There are literally thousands of variations on this recipe out there inspired by various countries accross europe and the middle east. We have settled on this recipe after much experimentation. It provides a good balance of complex flavours with ease of preperation.

Lamb Kofta Kebab Recipe Ingredients

  • Lean minced lamb (1kg)
  • 1 small finely chopped onion
  • 3 tsp paprika
  • 3 teaspoon of hot chilli powder
  • 3 tsp ground coriander seeds
  • 3 tsp ground cumin
  • 1 finely chopped clove of garlic
  • 1 fresh green birds eye chilli
  • 1 large handfull of freshly chopped coriander
  • salt & pepper to taste
Lamb Kofta Recipe

Simply combine all of the above ingredients in a bowl and mix thoroughly. I prefer to then leave the mixture to ‘marinate’ in the fridge for a few hours for the flavours to combine.

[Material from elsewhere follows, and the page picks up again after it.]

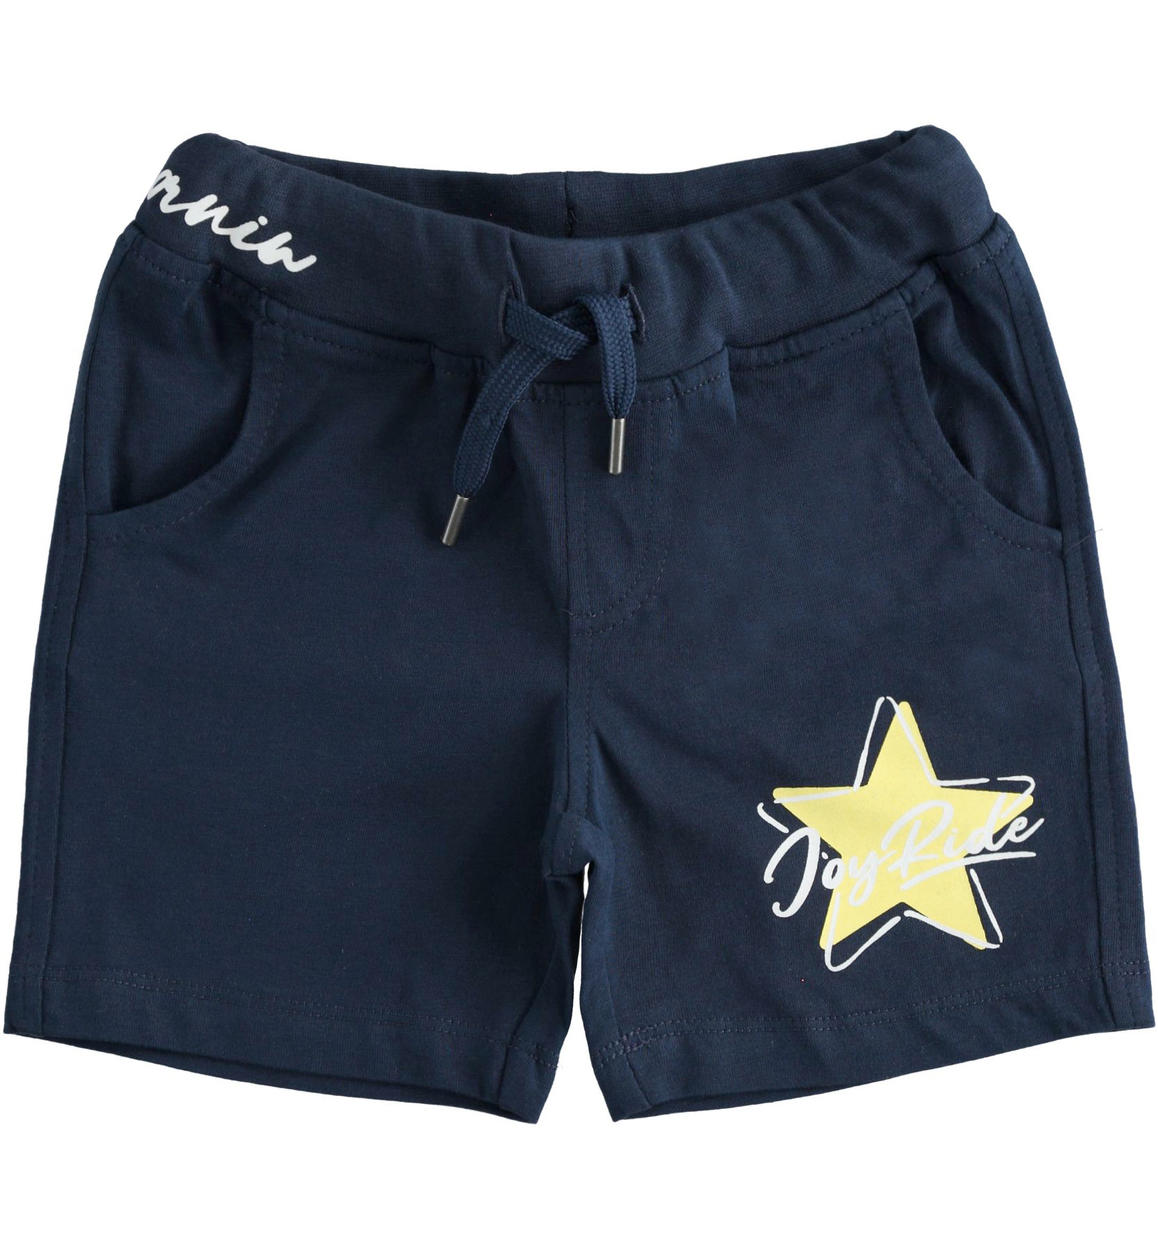 Pantalone corto con stella per bambino BLU iDO

For the best results it’s best to shape the kebabs either into patties or onto skewers then refrigerate for at least 1 hour – this will help them to keep their shape and not fall apart during the cooking process. One simple tip is to wet your hands before shaping the lamb to help prevent the mixture sticking to your hands.

If you are using wooden skewers it’s a good idea to soak them in hot water for 30 minutes before shaping the meat onto them. This will both help stop the skewers splintering and help prevent the skewers burning if you’re cooking them on a bbq.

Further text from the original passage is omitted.